Жмурит глаза, ожидая воду в лицо. Но нет.
На мох. На сухое.
Хорошо. Хорошо. Как же хорошо.
Свернуться клубочком. Лежать. Греться. Ни сил, ни желания. Ничего уже нет.
Шаги рядом. Дыхание. Сапоги. Дядька, тот самый. Бородатый. Высоченный. Снизу кажется – выше сосен.
– Ы. Ы-ы! У! – Тычет пальцем то в Жу, то в землю. В Жу – и опять в землю.
Жу подбирается. Подтягивает к груди мокрые ноги. Садится.
– У. Ы-ы.
Не разбирает, но понимает как-то: тут сиди. Тут. Жу и сидит. Делать-то больше ничего не может. Сидит. Закрывает глаза: мох. Открывает: мох. Всё один мох.
Когда снова открывает глаза, перед ними – заскорузлая, сухая, древесного цвета ладонь.
И красные ягоды. Клюква. Сушёная. Сладкая.
Жу сглатывает слюну.
– Ы. Ээ.
Ты. Ешь.
Жу берёт. Одну. Другую. Ладонь переворачивается, Жу еле успевает подставить свою. Клюква сыплется червонным дождём.
Сапоги – хыр, хыр. Шлёп, шлёп.
И тишина.
Был ли, не был. Всё – мох.
Жу закрывает глаза.
Часть 2
Жу
Ребёнок
То холодно, то жарко. То снова холодно, а потом опять жарко. И наконец, в тепле наступает долгожданная истома, по мышцам проходит судорога, и их отпускает, как будто развязывается узел в животе – тело потекло и оплавилось, как воск, как свеча, и Жу, наконец, может дышать глубоко и спокойно, и, как в воду, погружается в долгожданную темноту.
Но жар прибывает, и вот в темноте рождается алый свет. Неяркий, нутряной, он и не свет, но пламя, он пылает, разрастается и согревает. Был с ладошку – вот уже с чашку, был с чашку – вот уже с чан. Был с чан – вот он уже выплёскивается и растекается, и жар становится невыносимый, влажный, и всё тянет, тонет в жаре, в алом свете, и заволакивает, затопляет, вот уже нечем дышать.
Ах!
Хватануть воздуха ртом, взмахнуть руками. На самом деле только слегка дёргает ими, но кажется что плывёт. Глаза раскрылись, но не видят ничего, вокруг – глубокая, нутряная темнота.

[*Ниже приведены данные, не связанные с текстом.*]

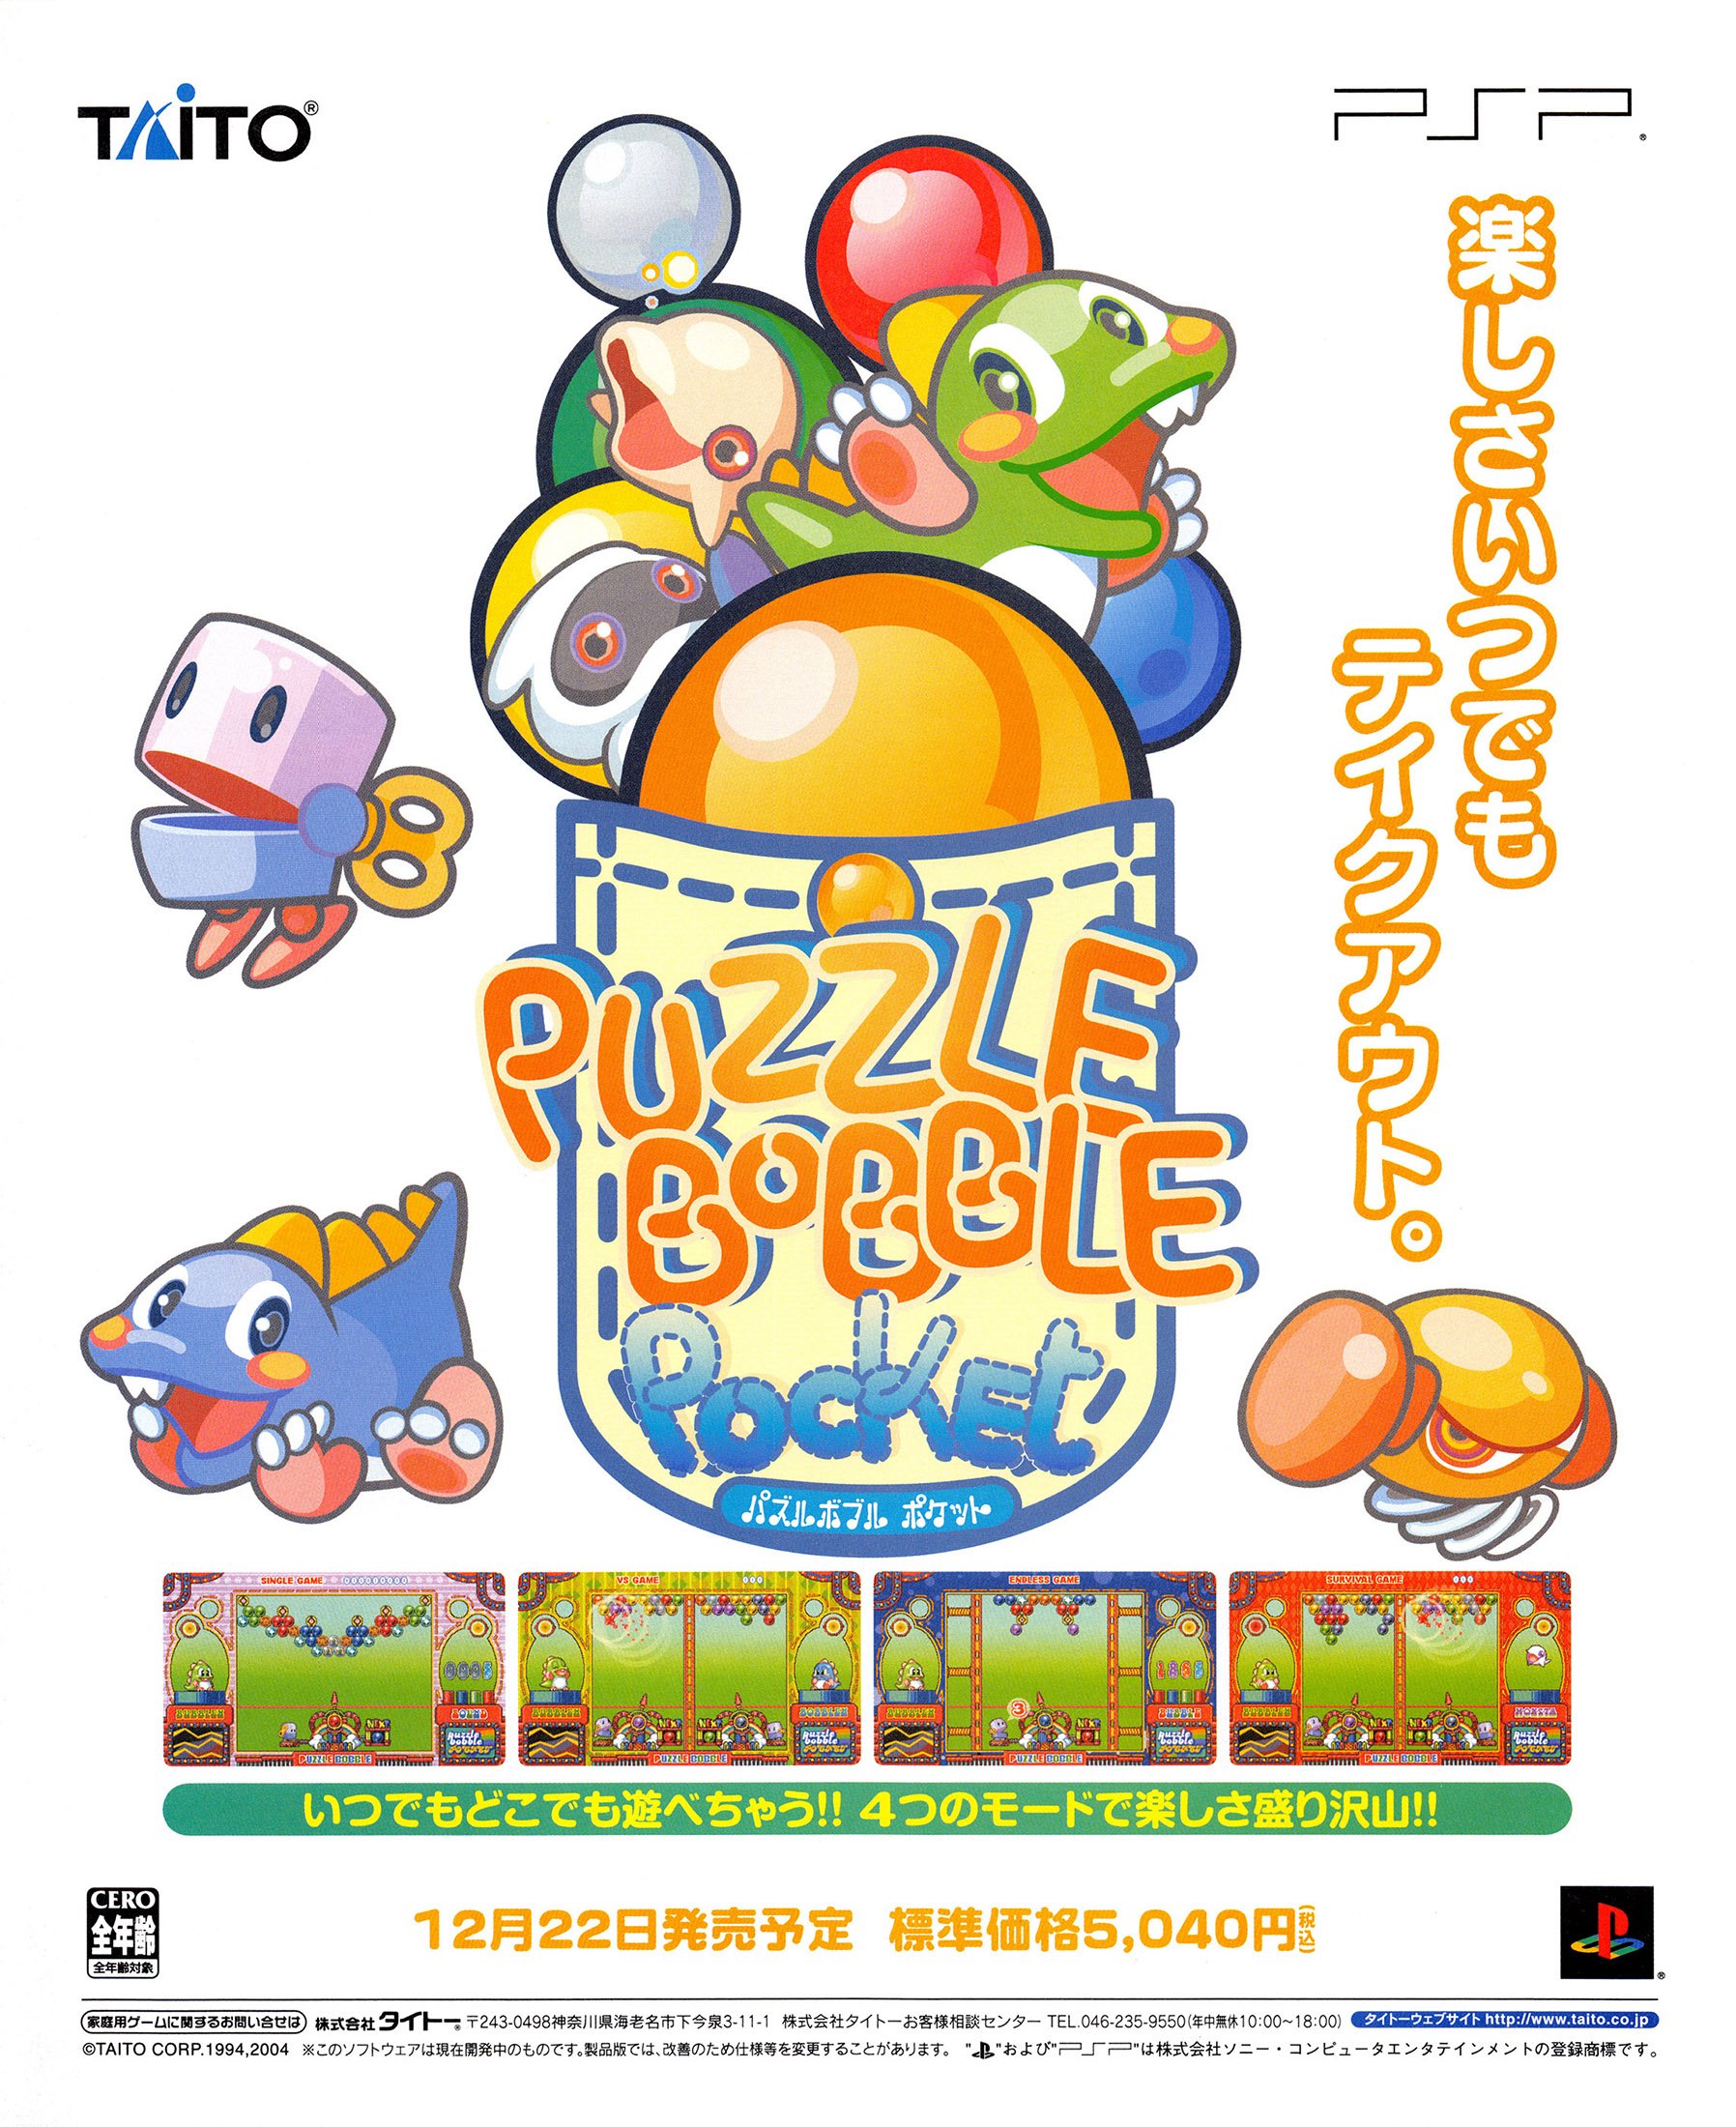 Puzzle Bobble Pocket (Japan)

И где-то теплится прежний алый свет.
Нет больше никакой расслабленности и истомы, опять сводит всё тело, опыт жар не спасительный, а знобящий. Жар с морозом, внутренний с внешним. Плохо, плохо, больно.
Где я?!
Тьма и тьма, и только вдали – или глубине? – маленький алый мерцающий огонёк.
Брякнуло что-то, звякнуло. Огонёк исчез.
– Хошь глаз выколи, баушка.
– Хорошо, эт самое. Прально.
– Да не видно же ни зги! Как бы не обвариться.
– А ты не о себе думай. О ребёнке. Свет глаза выест.
И опять – тьма, что внутри, что снаружи, хоть закрывай глаза, хоть нет.
О ребёнке думай. О ребёнке. Где-то в глубине шевельнулось, отозвалось. Потянулось ручками, с болезненной, страдальческой улыбкой. Ведь это я, это про меня. Но как давно, как давно никто не звал так, не гладил по головке, не говорил: Женечка, детка. Ребёнок, ребёнок. Жу – человеческий ребёнок.
Ах, как давно.
Мама!
Вырывается наружу, из темноты внутренней – во внешнюю. А вокруг жар, духота, и внешняя тьма плавится, влажная, осязаемая.
– Тихо, тихо. В себя приходит, баушка.
– Хорошо. Пушай ещё полежит, эт самое.
– А худо не станет?
– Баня худого не сделат. Я в бане Володьку твоего правила. И Кольке щетинку выводила.
– Но, щетинку и я выводила. Зойке моей. Не я, фельдшерица. Сладким пряником.
– Тестом надо ржаным, самое это, жилым тестом.
– А у них в Суланде сладким пряником выводят, знашь. Да не в бане, а так прямо, не в бане. Вот намазывается спинка, заворачивается в холщовую тряпку. Вот и… не надо ни в какую баню-то. А потом оставляют, не знаю, на какой период времени, ребёнка-то, в таком-то виде, а потом снимают. И вот такие волоса – вострые! А Зойка-то всё кряхтила-кряхтила, дак фельшерица пришла: «Щетинка, – говорит, – у ней завелась…»
Тихое бормотание отзывается в голове, будто сталкиваются там какие-то шарики. Они разбегаются со стуком и постепенно встают каждый на своё место: баня, деревня, Манефа. Голос Манефы, пришепётывающий, спокойный. И голос Ольги – суетливый, напористый. От голосов тьма плывёт. Её хочется пить. Пить.
– Пить…
– Очнулась, баушка. Ну, слава богу!
– На-ко, деука, на-ко. Выпей.
Шибает в нос запахом. Трава, вода. Горячо. Теперь не только снаружи, но и внутри горячо. Желудок сводит, но в голове ещё несколько шариков сдвинулись и заняли свои места – болота, трава, везде трава, в воде, в болоте. Мокрые ноги. Мокрые джинсы. Мокрое всё. И сапоги. Дедовы сапоги.